San Giorgio al Velabro, l'antica chiesa del giovedì dopo le Ceneri
Maria Milvia Morciano - Città del Vaticano
San Giorgio al Velabro sorge a Roma nel Rione Ripa, subito dietro l’arco quadrifronte detto di Giano, ai margini del Foro Boario, antico mercato del bestiame, a ridosso del Palatino e accanto all’Arco degli Argentari. In questa zona viene individuato il punto in cui la lupa avrebbe trovato i gemelli Romolo e Remo.
La chiesa è costruita sui resti di una casa romana, trasformata in diaconia da Gregorio Magno, quindi fondata da Papa Leone II che la intitolò ai primi martiri san Giorgio e san Sebastiano nel VII secolo. Nell’VIII secolo, Gregorio II la istituì stazione quaresimale del giovedì dopo le Ceneri. Sempre entro l’VIII secolo papa Zaccaria, proveniente da una famiglia calabrese di origine greca, vi portò dalla Cappadocia la testa del martire Giorgio.
Nella prima metà dell’IX secolo, con Gregorio IV la chiesa assunse una forma compiuta e, all’edificio di culto propriamente detto, fu annesso un cenobio ove risiedevano i monaci, mentre la diaconia fu destinata alle funzioni assistenziali. Nel XIII secolo, diventata collegiata, officiata dal clero diocesano, ricevette importanti lavori sulla facciata, dove fu aperto l’oculo e aggiunto il portico, adornato dalla trabeazione con l’iscrizione a caratteri gotici che ne ricorda il donatore, il priore Stefano Stella. Il campanile romanico invece è precedente al portico e si data alla seconda metà del XII secolo.
Nei secoli la chiesa ha attraversato successivi restauri e momenti di degrado e di abbandono, finché l’architetto Antonio Muñoz negli anni Venti del secolo scorso ha condotto un profondo restauro e il ripristino delle antiche forme romaniche.
Nel 1939 la chiesa è stata affidata all'Ordine dei Canonici Regolari della Santa Croce. Nella notte tra il 28 e il 29 luglio del 1993 fu bersaglio di un attentato con un’autobomba che provocò ingenti danni in modo particolare alla facciata, richiedendo restauri terminati entro il 1996.
L’interno
L’interno è a tre navate, scandito da colonne e capitelli di spoglio, con l’altare sopraelevato e il ciborio in marmo sotto il quale si apre la fenestella confessionis, la finestra che permetteva ai fedeli di vedere il sepolcro o le reliquie dei martiri senza tuttavia poterli toccare.
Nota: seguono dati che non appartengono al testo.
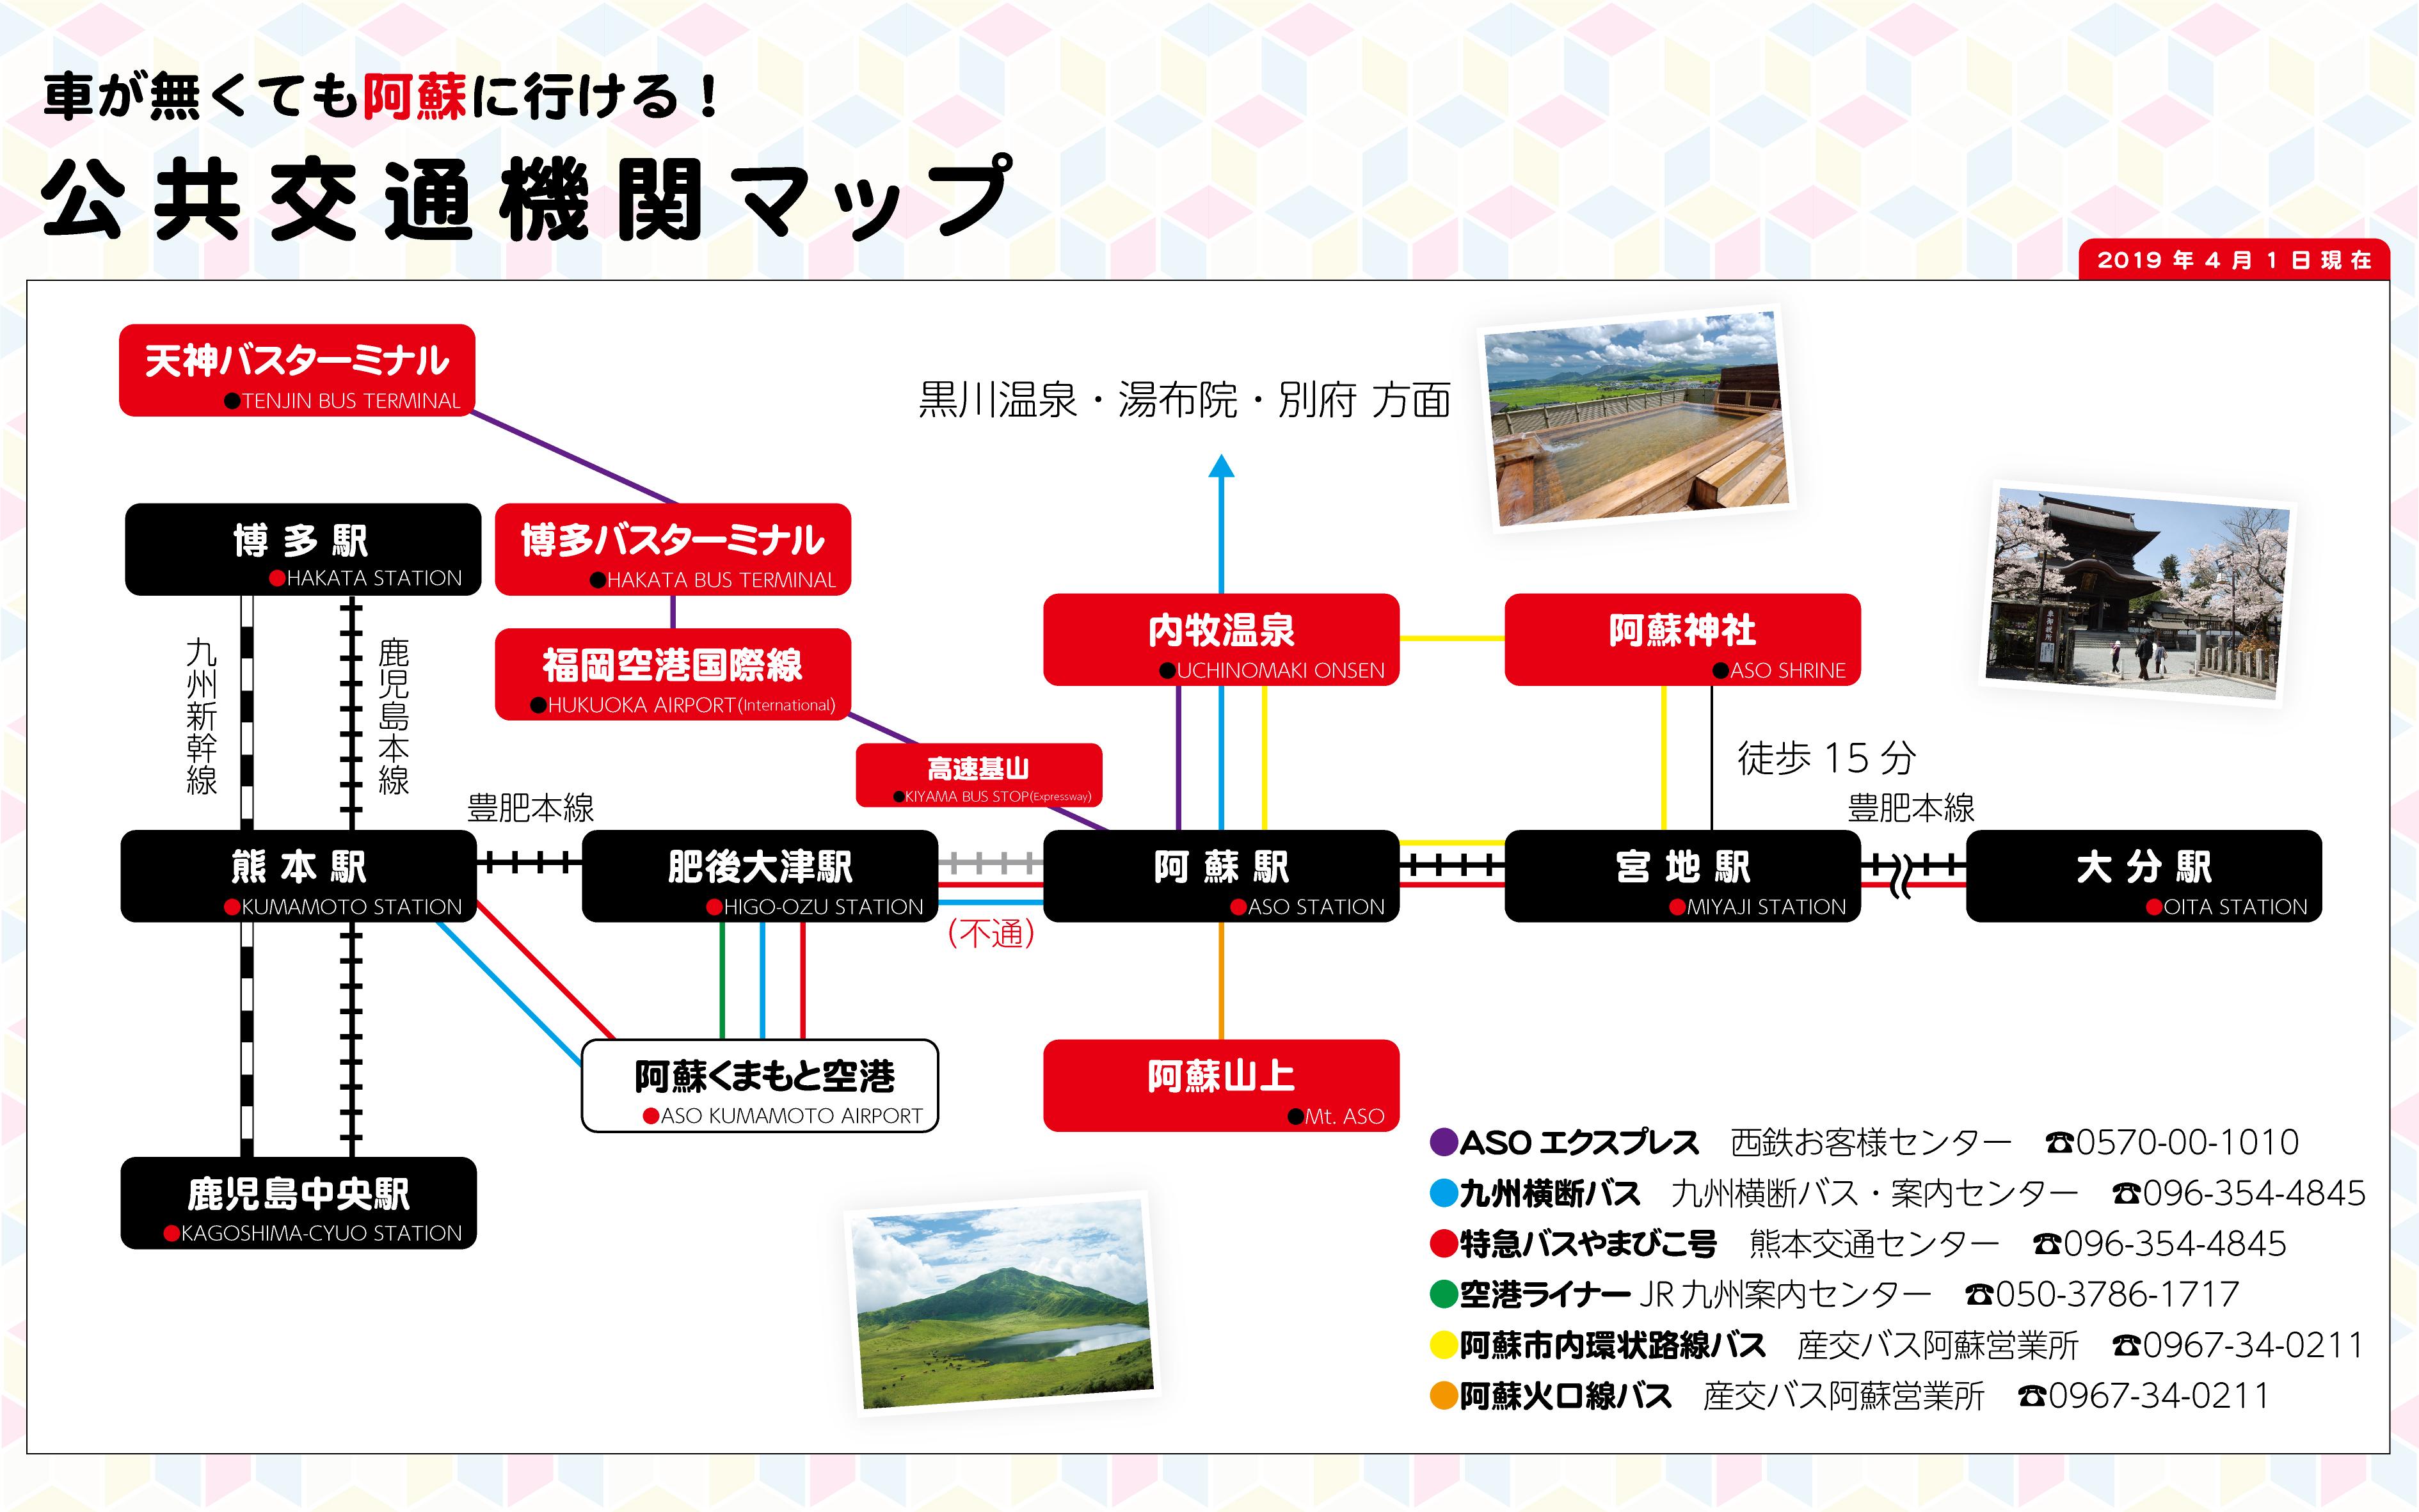 車が無くても阿蘇に行ける。公共交通機関マップ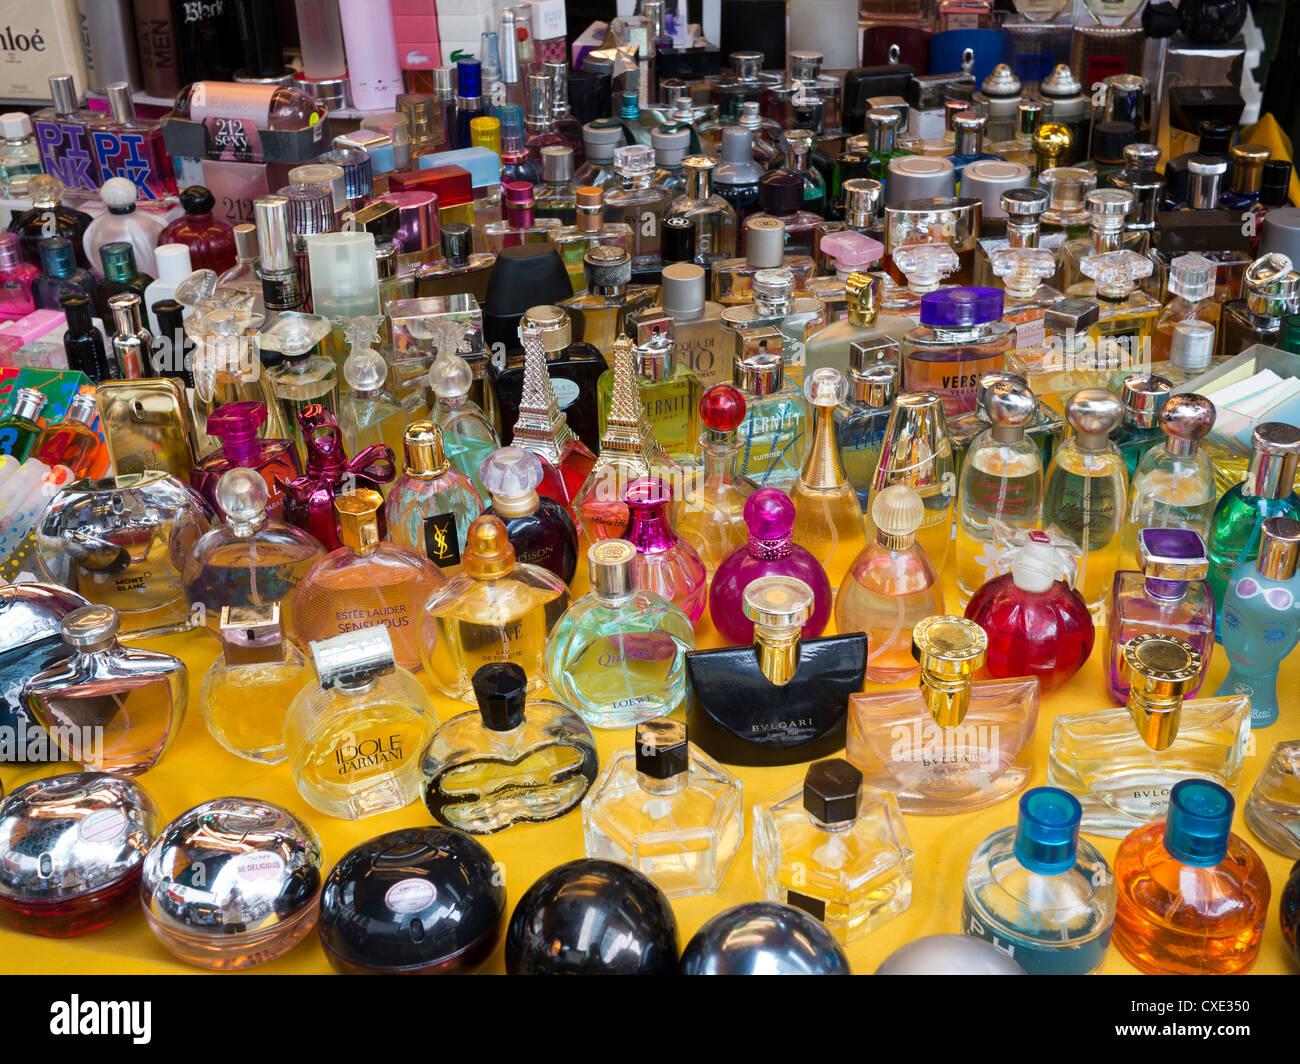 Fake perfume for sale at street market, Hong Kong, China - Stock Image

L’affresco che campeggia nel catino absidale, commissionato nel 1296 dal cardinale Pietro Peregrossi, è stato a lungo erroneamente attribuito a Giotto, ma è convincentemente opera del Cavallini o tutt’al più della sua scuola. Cristo campeggia al centro: in una mano tiene il rotolo, mentre la destra è sollevata nel gesto tipico di chi sta parlando, l’adlocutio, come nelle statue degli oratori romani. Ai lati Maria e san Pietro e ancora san Giorgio, a piedi accanto al cavallo e con il vessillo crociato, mentre san Sebastiano è vestito di abiti militari e porta lo scudo, segno che ancora nel XIII secolo era viva, in questa basilica, la devozione ad entrambi i martiri.
Tra tutte le tracce che testimoniano il passaggio nella chiesa di diversi Papi e dei sessantasette cardinali diaconi, vi sono quelle di John Henry Newman, cardinale diacono di San Giorgio dal 1879 al 1890, anno della sua morte, e proclamato santo da Papa Francesco nel 2019.
Le ragioni del santo
La zona dove sorge la chiesa di San Giorgio fin dall’antichità è sempre stata molto frequentata: crocevia di strade, zona di mercati, luogo di incontro di popolazioni diverse. La derivazione toponomastica di Velabro, dal latino velabrum, è discorde nelle fonti antiche e in epoca medievale corrotta in vellum aureum, velo d’oro. Alcune fonti fanno risalire il nome all’originario stato paludoso della zona, poi bonificata con la costruzione della Cloaca Maxima alla fine del VI sec. a.C., mentre altre convergono nella sua funzione di centro viario per terra e fluviale, come sembra alludere Terenzio Varrone (De Ling. 5,43-44) che fa derivare il nome da velaturam facere, traghettare, oppure vehendo, trasportando. Questa ultima versione, più che spiegare in modo convincente l’origine del toponimo, testimonia la vocazione mercantile della zona, sempre viva nel tempo. In ogni caso esalta la ragione di una devozione importata - san Giorgio non fu mai a Roma - in quest’area altamente frequentata da mercanti levantini e funzionari dell’Impero di Bisanzio.
San Giorgio, il grande martire
Santo megalomartire di origine cappadoce, venerato in tutte le Chiese cristiane che ammettono il culto dei santi, introdotto nel martirologio Geronimiano già dalla metà del V secolo, secondo alcune fonti sarebbe stato condannato a morte per decapitazione da Diocleziano nel 301. È associato a san Sebastiano, entrambi soldati di Cristo, l’uno di ambiente orientale e il secondo romano. Inoltre, il generale bizantino Belisario avrebbe affidato a san Giorgio la protezione, oltre che della chiesa al Velabro, anche della Porta San Sebastiano, sulla Via Appia e lungo le mura di Aureliano, nei pressi delle catacombe del santo narbonense. Nell’Islam è considerato profeta. San Giorgio ha riscosso grande fortuna nell’arte e nella letteratura, raffigurato come giovane soldato a cavallo, nell’atto di trafiggere il drago-demonio. Una figura affascinante, nel quale l’ideale cavalleresco medievale si è identificato in pieno, specie come trionfatore del bene sul male, chiamato sia nel mondo occidentale, sia in quello bizantino come il “grande martire”, il “trionfatore”. La sua festa liturgica ricorre nel giorno 23 aprile.